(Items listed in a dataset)
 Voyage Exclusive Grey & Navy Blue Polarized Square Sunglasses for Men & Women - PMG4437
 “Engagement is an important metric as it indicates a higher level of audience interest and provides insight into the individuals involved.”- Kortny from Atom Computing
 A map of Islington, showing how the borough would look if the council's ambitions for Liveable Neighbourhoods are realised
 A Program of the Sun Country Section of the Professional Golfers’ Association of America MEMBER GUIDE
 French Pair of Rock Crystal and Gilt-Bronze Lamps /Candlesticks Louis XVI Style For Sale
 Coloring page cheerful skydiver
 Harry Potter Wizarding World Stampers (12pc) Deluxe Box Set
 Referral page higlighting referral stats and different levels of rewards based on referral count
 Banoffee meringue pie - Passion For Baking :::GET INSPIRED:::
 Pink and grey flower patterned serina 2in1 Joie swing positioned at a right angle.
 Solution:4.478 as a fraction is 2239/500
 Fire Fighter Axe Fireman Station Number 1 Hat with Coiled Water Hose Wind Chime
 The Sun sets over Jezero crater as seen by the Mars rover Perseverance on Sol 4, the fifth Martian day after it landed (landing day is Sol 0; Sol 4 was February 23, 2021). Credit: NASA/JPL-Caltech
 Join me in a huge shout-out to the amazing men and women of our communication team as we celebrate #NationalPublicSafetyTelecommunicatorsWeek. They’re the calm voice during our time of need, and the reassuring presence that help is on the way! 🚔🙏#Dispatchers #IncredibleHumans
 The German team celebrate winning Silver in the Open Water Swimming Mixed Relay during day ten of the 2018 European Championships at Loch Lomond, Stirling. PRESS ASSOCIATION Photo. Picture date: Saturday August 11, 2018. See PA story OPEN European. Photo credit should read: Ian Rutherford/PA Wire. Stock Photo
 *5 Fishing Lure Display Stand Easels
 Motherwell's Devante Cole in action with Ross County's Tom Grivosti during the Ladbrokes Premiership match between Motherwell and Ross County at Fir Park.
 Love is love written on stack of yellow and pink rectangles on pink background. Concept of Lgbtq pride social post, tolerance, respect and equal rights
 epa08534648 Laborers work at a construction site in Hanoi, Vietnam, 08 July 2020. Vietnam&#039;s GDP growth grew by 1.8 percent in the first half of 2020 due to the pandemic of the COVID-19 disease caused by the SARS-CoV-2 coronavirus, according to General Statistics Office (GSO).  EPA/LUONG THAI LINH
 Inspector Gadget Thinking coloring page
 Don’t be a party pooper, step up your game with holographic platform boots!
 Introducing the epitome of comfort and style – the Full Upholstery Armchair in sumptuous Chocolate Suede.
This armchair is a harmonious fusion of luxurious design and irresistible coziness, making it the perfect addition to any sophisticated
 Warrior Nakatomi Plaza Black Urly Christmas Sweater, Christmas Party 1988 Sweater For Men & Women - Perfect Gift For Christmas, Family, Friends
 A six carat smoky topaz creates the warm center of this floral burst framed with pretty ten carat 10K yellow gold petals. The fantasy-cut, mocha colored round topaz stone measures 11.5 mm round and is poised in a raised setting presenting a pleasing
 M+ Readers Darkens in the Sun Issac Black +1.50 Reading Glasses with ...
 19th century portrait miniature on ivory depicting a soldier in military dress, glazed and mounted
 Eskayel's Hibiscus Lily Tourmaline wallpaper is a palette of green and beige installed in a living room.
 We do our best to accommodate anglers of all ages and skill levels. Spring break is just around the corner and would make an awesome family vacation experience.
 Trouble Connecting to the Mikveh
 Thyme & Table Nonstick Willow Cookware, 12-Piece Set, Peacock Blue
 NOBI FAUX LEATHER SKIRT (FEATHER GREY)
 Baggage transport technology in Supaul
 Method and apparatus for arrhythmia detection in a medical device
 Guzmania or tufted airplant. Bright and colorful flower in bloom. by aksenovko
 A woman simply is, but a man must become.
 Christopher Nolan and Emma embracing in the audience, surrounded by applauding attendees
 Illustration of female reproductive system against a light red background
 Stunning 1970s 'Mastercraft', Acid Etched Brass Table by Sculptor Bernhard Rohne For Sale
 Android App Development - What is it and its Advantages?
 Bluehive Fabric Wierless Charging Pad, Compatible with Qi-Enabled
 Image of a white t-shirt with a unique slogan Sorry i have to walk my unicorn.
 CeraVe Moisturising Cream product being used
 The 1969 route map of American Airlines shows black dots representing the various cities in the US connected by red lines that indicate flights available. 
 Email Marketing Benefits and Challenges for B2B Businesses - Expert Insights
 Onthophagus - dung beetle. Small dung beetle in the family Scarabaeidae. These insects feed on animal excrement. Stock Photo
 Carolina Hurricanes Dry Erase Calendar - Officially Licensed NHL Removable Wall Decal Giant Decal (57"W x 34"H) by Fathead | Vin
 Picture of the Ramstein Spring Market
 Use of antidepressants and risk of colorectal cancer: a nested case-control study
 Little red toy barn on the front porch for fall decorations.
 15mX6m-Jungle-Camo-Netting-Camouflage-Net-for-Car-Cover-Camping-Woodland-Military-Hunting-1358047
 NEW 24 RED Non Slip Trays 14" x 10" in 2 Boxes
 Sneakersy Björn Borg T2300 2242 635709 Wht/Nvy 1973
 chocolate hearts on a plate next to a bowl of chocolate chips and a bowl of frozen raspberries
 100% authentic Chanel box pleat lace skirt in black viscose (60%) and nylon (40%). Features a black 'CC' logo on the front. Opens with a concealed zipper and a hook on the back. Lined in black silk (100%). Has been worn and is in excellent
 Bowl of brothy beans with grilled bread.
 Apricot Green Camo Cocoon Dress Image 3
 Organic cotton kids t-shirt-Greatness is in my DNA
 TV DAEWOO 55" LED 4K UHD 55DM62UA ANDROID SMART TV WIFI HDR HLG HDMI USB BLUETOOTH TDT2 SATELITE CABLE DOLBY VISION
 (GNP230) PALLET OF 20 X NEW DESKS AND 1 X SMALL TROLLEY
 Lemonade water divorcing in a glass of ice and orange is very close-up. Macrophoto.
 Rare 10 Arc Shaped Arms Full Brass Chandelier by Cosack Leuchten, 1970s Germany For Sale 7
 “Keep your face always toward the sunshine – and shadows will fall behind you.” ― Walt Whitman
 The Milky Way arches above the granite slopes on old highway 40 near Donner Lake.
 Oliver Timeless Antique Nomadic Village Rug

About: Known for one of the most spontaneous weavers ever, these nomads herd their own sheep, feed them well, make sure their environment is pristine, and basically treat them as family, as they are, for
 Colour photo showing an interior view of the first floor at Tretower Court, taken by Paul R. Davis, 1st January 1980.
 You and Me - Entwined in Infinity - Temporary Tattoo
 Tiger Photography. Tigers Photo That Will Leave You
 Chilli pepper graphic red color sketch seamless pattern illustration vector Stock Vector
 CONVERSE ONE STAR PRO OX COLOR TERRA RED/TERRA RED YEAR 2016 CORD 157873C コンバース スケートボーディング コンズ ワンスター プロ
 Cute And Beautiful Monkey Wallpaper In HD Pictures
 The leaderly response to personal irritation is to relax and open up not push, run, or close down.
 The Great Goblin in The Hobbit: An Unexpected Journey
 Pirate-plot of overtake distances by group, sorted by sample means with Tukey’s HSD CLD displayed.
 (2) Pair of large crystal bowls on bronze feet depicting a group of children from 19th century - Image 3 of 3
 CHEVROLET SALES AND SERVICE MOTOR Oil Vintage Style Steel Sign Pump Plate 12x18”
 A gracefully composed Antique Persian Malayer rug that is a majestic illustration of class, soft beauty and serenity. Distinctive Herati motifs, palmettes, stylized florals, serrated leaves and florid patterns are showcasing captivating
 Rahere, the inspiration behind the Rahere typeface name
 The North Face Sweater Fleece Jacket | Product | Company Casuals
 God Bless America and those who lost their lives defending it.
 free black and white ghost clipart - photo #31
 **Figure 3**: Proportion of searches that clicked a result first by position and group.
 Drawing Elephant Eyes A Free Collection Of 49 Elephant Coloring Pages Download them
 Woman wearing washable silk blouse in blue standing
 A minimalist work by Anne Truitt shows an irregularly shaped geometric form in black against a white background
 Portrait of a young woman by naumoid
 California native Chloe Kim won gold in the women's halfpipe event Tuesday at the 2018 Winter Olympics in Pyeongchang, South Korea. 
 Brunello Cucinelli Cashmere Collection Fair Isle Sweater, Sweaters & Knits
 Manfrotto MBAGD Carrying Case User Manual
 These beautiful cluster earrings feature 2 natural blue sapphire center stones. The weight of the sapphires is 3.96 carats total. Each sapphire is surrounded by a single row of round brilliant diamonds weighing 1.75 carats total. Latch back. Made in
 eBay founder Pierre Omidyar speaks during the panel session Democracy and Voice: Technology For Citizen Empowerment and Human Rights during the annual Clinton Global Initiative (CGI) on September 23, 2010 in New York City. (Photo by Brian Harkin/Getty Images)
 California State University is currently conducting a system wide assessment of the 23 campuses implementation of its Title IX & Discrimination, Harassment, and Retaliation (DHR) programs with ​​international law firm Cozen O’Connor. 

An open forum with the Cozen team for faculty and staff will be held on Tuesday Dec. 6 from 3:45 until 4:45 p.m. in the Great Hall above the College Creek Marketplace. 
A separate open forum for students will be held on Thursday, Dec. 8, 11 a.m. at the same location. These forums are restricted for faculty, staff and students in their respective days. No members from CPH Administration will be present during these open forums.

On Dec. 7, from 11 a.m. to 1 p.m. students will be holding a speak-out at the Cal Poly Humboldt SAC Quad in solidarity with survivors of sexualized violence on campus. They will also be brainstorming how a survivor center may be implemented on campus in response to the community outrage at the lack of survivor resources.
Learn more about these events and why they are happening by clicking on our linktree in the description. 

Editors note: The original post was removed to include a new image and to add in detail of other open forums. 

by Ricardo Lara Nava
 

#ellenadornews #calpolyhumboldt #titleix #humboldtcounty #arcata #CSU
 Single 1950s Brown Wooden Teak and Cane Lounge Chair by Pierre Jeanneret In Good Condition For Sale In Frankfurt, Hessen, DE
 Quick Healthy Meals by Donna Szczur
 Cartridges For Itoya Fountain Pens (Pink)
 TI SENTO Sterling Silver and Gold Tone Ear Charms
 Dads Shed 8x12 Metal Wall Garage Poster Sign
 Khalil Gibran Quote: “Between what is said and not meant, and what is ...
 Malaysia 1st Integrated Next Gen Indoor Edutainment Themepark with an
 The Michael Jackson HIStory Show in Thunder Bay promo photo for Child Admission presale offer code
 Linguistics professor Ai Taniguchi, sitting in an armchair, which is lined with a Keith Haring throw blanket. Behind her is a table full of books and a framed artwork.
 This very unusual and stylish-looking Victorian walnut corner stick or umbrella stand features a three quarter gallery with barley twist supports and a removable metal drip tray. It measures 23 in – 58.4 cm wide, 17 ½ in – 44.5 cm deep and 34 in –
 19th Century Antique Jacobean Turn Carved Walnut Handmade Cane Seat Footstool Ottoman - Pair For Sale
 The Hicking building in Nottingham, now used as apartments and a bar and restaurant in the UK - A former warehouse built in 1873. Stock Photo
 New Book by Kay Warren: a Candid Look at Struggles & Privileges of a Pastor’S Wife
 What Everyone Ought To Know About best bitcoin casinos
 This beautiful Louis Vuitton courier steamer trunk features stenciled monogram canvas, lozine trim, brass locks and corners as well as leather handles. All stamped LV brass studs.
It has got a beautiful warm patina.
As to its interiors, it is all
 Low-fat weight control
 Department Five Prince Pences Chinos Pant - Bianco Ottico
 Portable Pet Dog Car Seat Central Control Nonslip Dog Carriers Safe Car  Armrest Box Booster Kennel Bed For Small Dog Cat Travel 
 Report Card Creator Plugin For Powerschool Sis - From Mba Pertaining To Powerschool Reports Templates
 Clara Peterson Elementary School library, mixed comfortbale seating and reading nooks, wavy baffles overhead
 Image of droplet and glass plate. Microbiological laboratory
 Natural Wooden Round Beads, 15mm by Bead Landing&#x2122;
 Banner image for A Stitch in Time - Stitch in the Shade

### What you need to do:
Set down verbatim only the lines between the start of the data above and the line with "A map of Islington, showing", both boundaries included.

### Solution to the problem:
 Voyage Exclusive Grey & Navy Blue Polarized Square Sunglasses for Men & Women - PMG4437
 “Engagement is an important metric as it indicates a higher level of audience interest and provides insight into the individuals involved.”- Kortny from Atom Computing
 A map of Islington, showing how the borough would look if the council's ambitions for Liveable Neighbourhoods are realised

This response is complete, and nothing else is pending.